Evercore ISI analysts upgraded hotel operators Marriott International Inc. and Hyatt Hotels Corp. to "in line" from "underperform," following Evercore's decision to make a "critical change" to the reference universe against which it compares prospective returns for its C-corp coverage universe.

In upgrading Marriott, the analysts lifted the per-share price target on the company's stock to $145 from $132 and said the company's updated accounting standard will negatively affect its 2018 operating income by $50 million, as compared to the previous accounting standard.

As for Hyatt, the analysts increased the price target to $84 per share from $66 per share, as their Hyatt model has more moving parts than any company Evercore has covered so far in the current earnings season. The analysts said that given Hyatt's current guidance for 2018, which does not reflect the new accounting standard, their financial forecasts for the year "actually sit below" the low end of current guidance.

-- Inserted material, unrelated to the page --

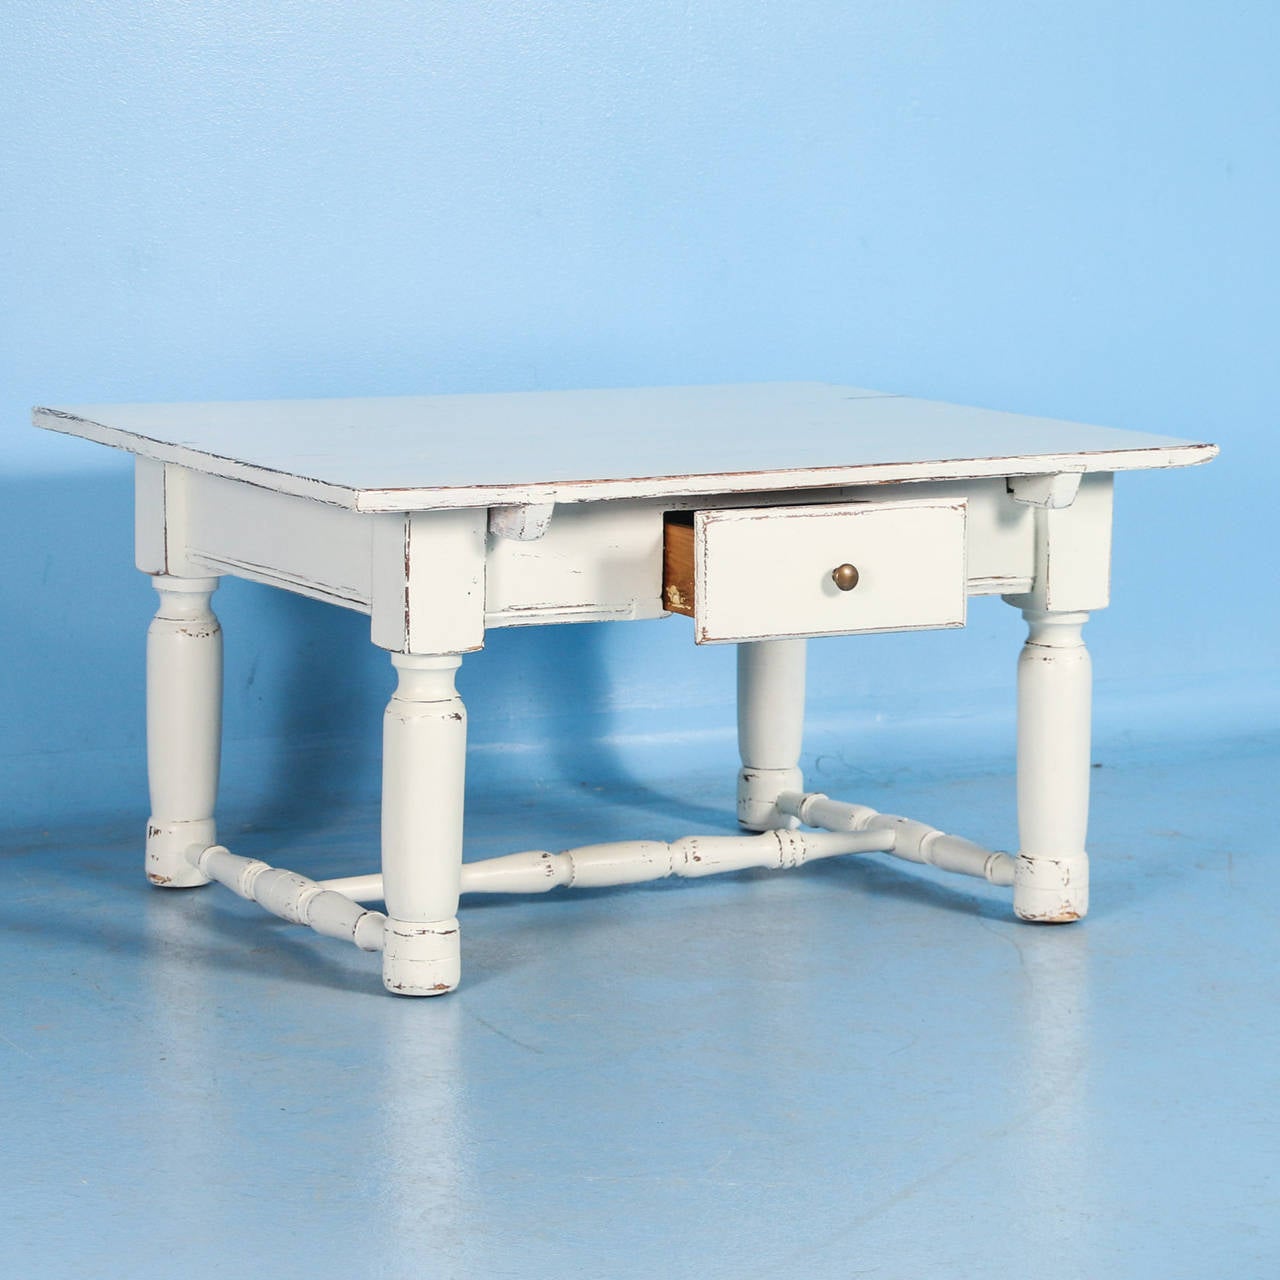 This delightful coffee table has recently been given a white painted finish, adding to the European country charm of the piece. The single drawer and turned stretcher base add to the visual appeal, creating great impact in a small space. The table
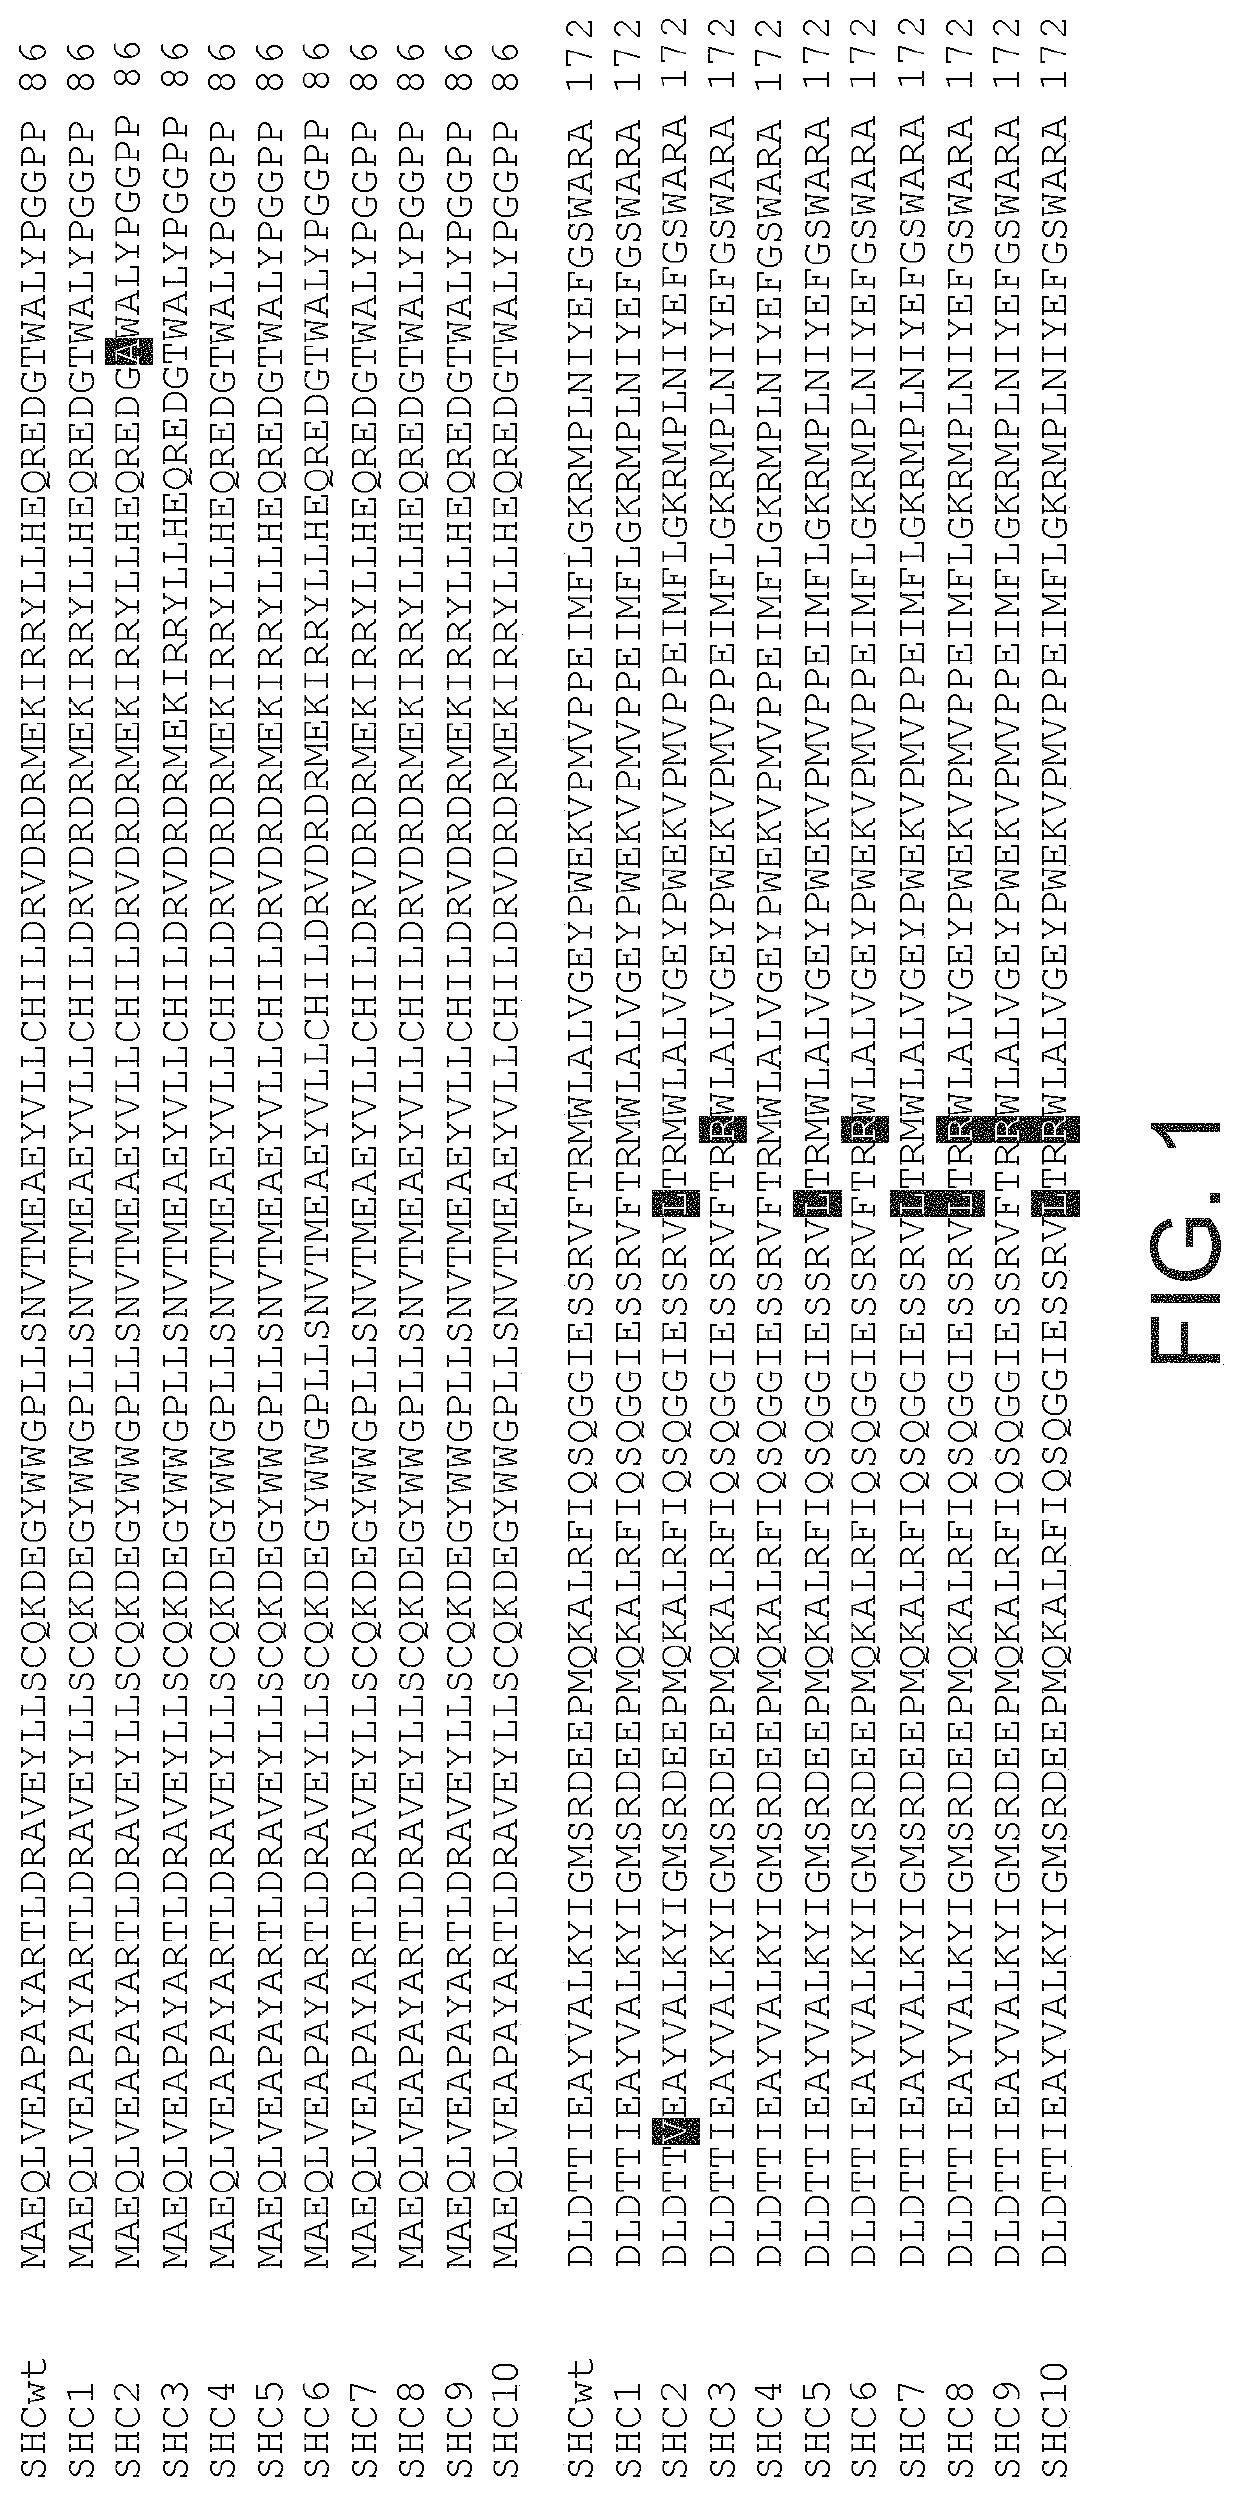 Enzymes and applications thereof

National Securities analyst John Benda upgraded Bluerock Residential Growth REIT Inc. to "buy" from "neutral" and adjusted the per-share price target on the multifamily-focused residential real estate investment trust to $11.00 from $11.50.

The analyst noted that Bluerock has "radically transformed itself" over the past few quarters and has completed its management internalization, expanded into mezzanine loan financing, right-sized its dividend, and grown its operating portfolio, thus outlining solid adjusted funds from operations guidance for 2018.

Downgrade

Mizuho Securities USA LLC's Richard Anderson downgraded Healthcare Trust of America Inc. to "neutral" from "buy" and cut the per-share price target on the healthcare REIT's stock to $29 from $36.

Anderson said Healthcare Trust has not offered explicit guidance for 2018 FFO and has only suggested a "sideline" approach to acquisitions for the time being, with the possible exception of redeploying up to $100 million of sale proceeds.

The analyst also noted that in-house property management allows Healthcare Trust to conduct those services at a lower cost, resulting in quarterly volatility in same-store components which leads to "very low standard deviation" at the net operating income line.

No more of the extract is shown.